Penghindaran etika, yang digunakan untuk memenangkan persaingan yang semakin keras. Kasus
terakhir ini banyak terjadi pada produk-produk kesehatan, minuman beralkohol dan tembakau. Dengan
dalil kreativitas para praktisi periklanan mencoba menyiasati aturan yang ada.

Iklan Kreatif Tetap Etis


Konsumen kita sudah dewasa dan matang dalam menilai iklan. Penggambaran tema-tema kurang etis,
seperti eksploitasi tubuh perempuan dan pelabelan negatif terhadap perempuan nampaknya bisa
diakhiri dengan mengasah kreatifitas. Banyak iklan-iklan pemenang Adfest, Cannes, New York Festival
dan lain-lain sangat menghibur konsumen. Pendekatannya sering memakai gaya film pendek, kadang
seperti video clip. Pembuat iklan dari Thailand juga berani bereksperimen secara total sehingga
menghasilkan iklan –iklan humor yang tidak dangkal.
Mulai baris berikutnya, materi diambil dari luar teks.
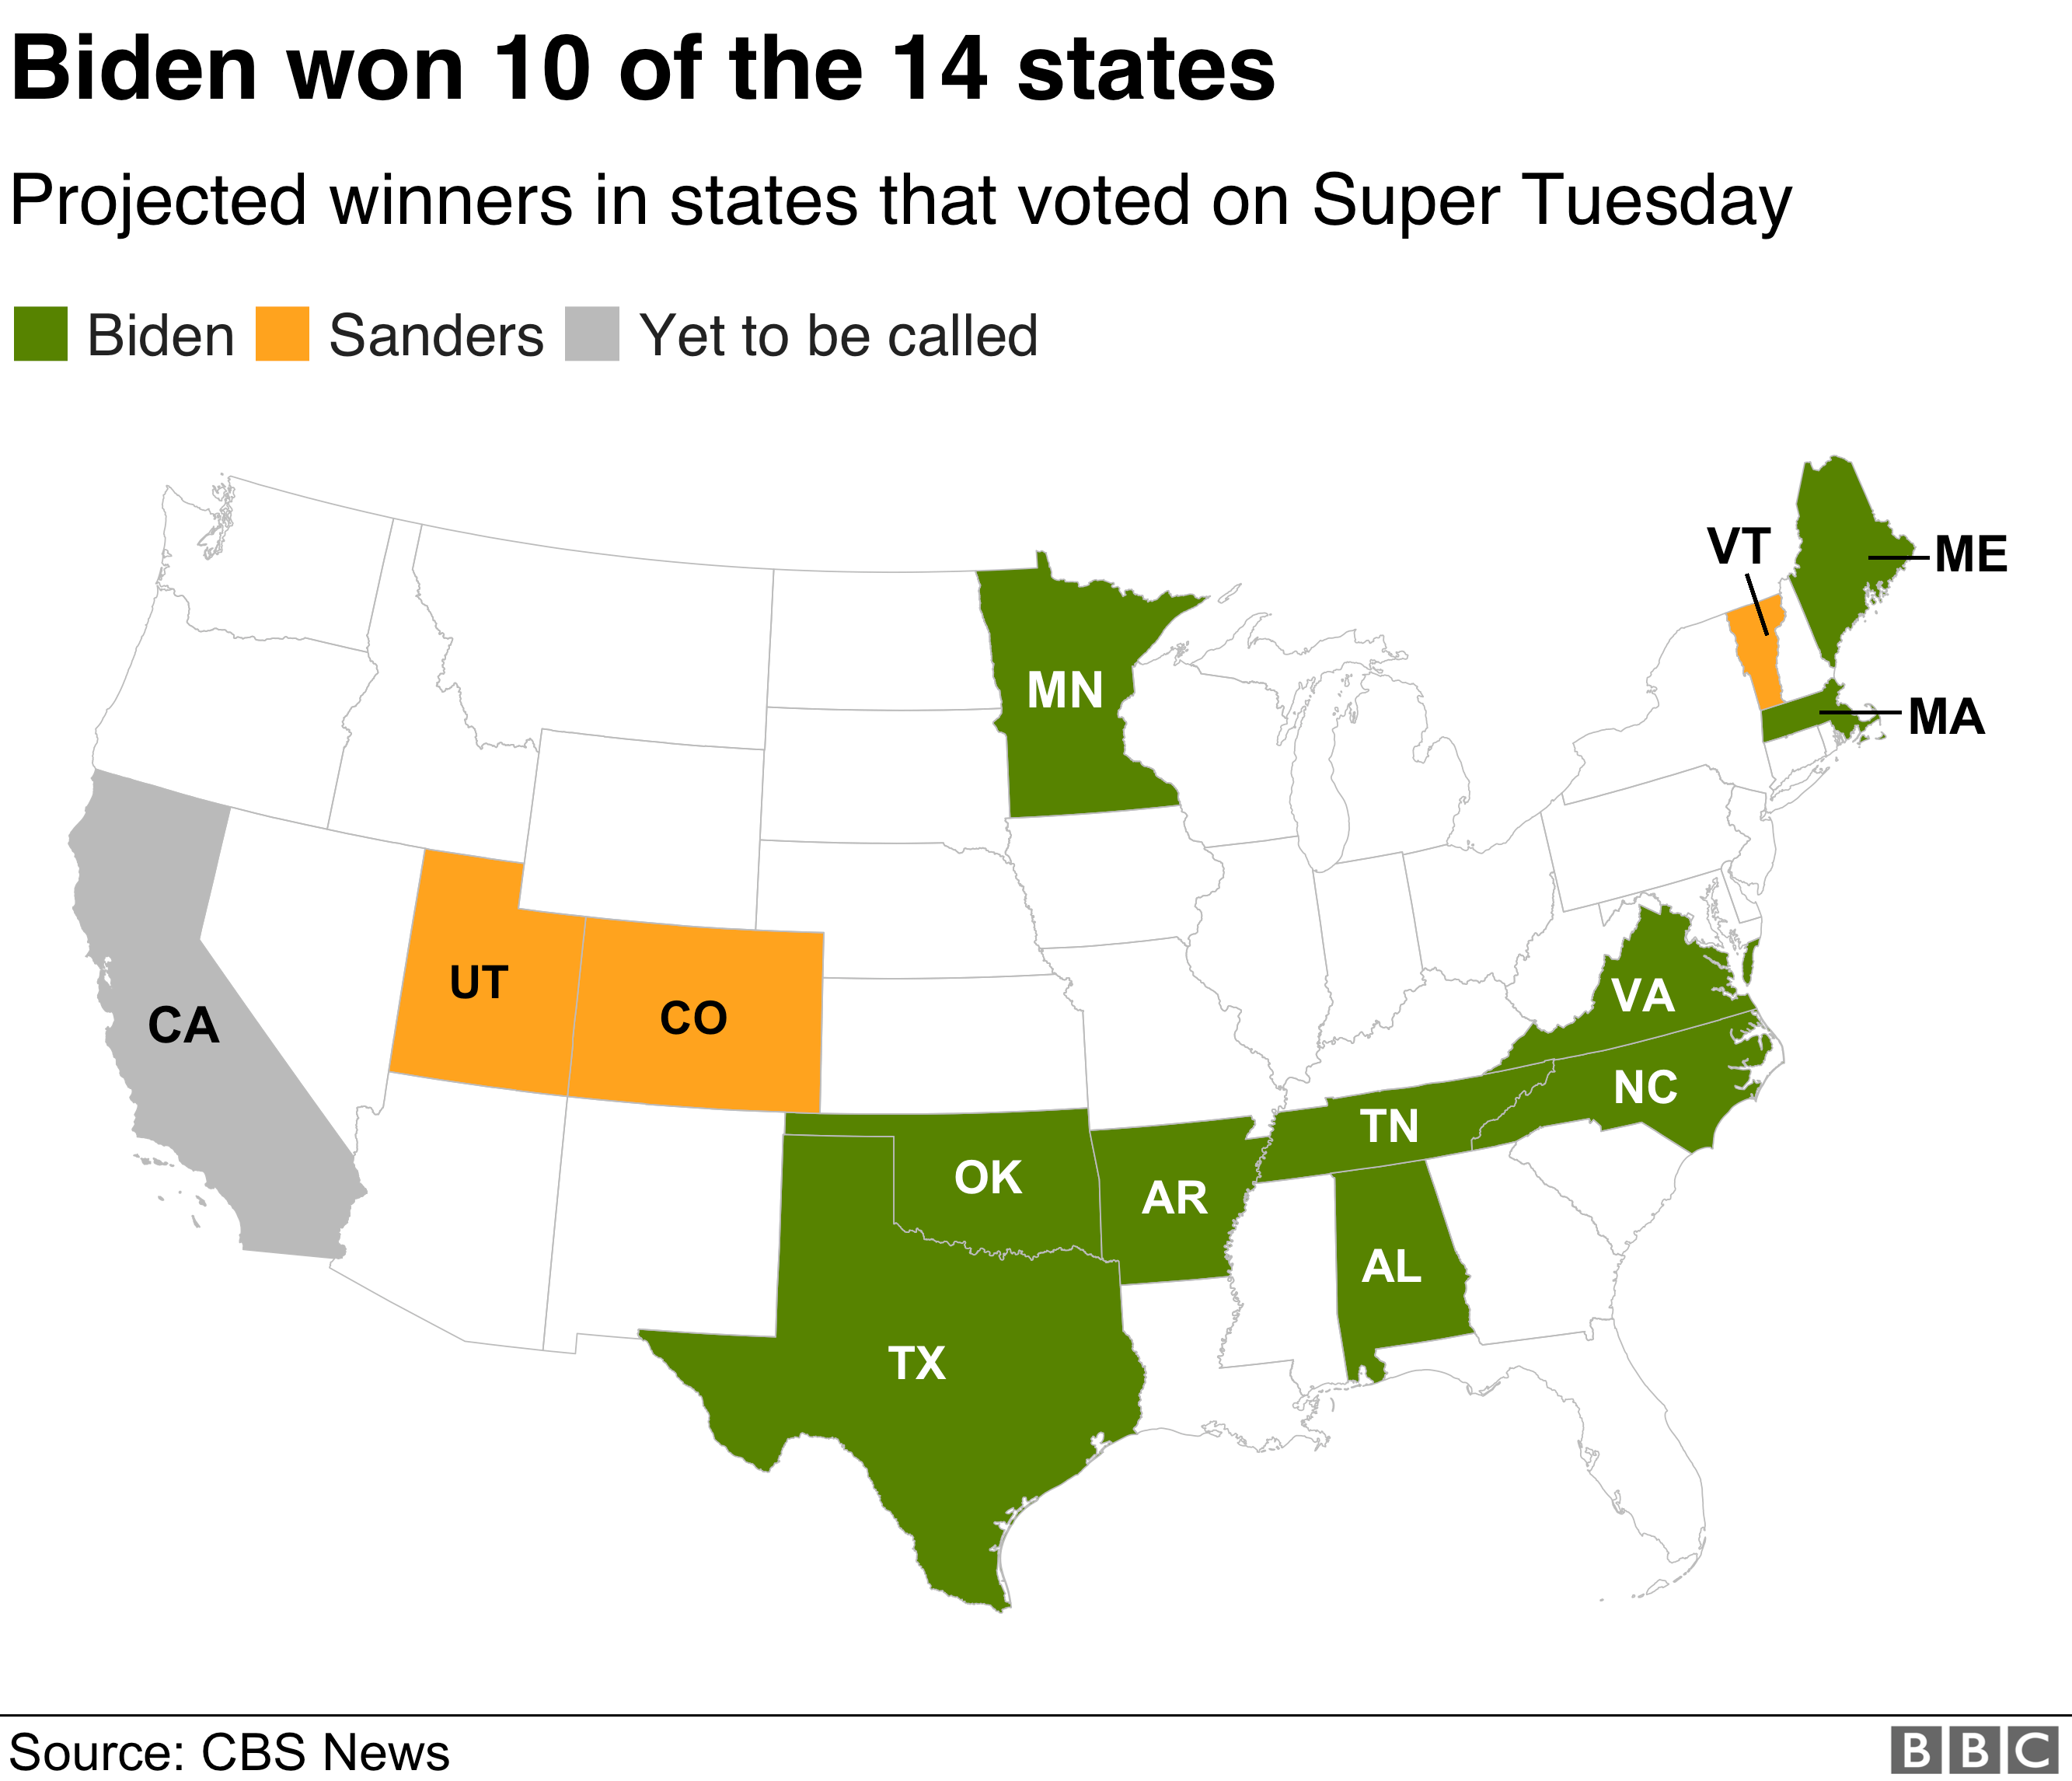 Карта, показывающая, какие кандидаты выиграли какие государства. Джо Байден победил в Алабаме, Арканзасе, Массачусетсе, Мэн, Миннесоте, Северной Каролине, Оклахоме, Теннесси, Техасе и Вирджинии. Берни Сандерс выиграл Колорадо, Юту и Вермонт. Калифорнию еще предстоит назвать.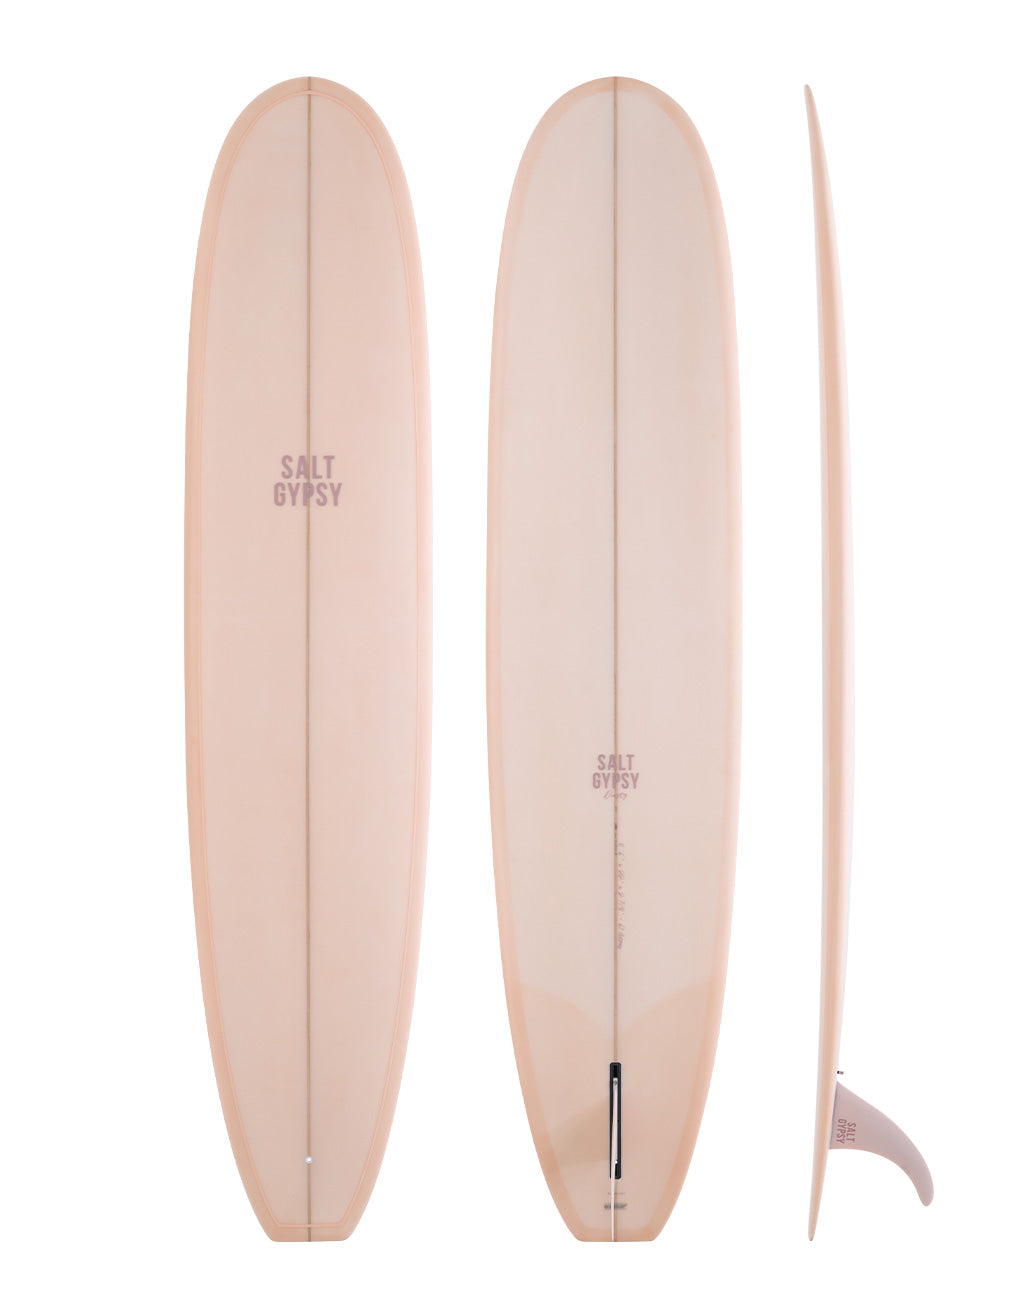 Salt Gypsy Surfboards - Dusty blush pink longboard

Banyak keluhan dari pekerja kreatif tentang klien yang tidak mengerti konsep kreatif. Mereka takut
konsumen tidak mengerti isi pesan dari iklan-iklan yang dibuat dengan cerdas. Akhirnya yang kita
saksikan adalah iklan yang cenderung menggurui penonton, iklan yang nyinyir, iklan yang berteriak
seperti pedagang kaki lima , iklan yang membuat banyak orang muak.
Untuk membuat iklan yang bagus memang tidak mudah karena sebuah iklan adalah hasil kerja kolektif
yang melibatkan banyak orang. Dari praktisi, produsen, fotografer, color separator, printing company,
production house, model, dan lain sebagainya. Untuk menghasilkan iklan yang kreatif juga dituntut
kerjasama dari berbagai pihak. Praktisi periklanan dituntut punya kreatifitas dalam melahirkan tema-
tema yang segar, menghibur sekaligus menjual tanpa mengesampingkan seperangkat kode etik yang
telah disepakati bersama oleh insan periklanan Indonesia. Walaupun tidak mudah, tanggung jawab
moral untuk membuat iklan bagus yang tidak melanggar etika janganlah sampai surut.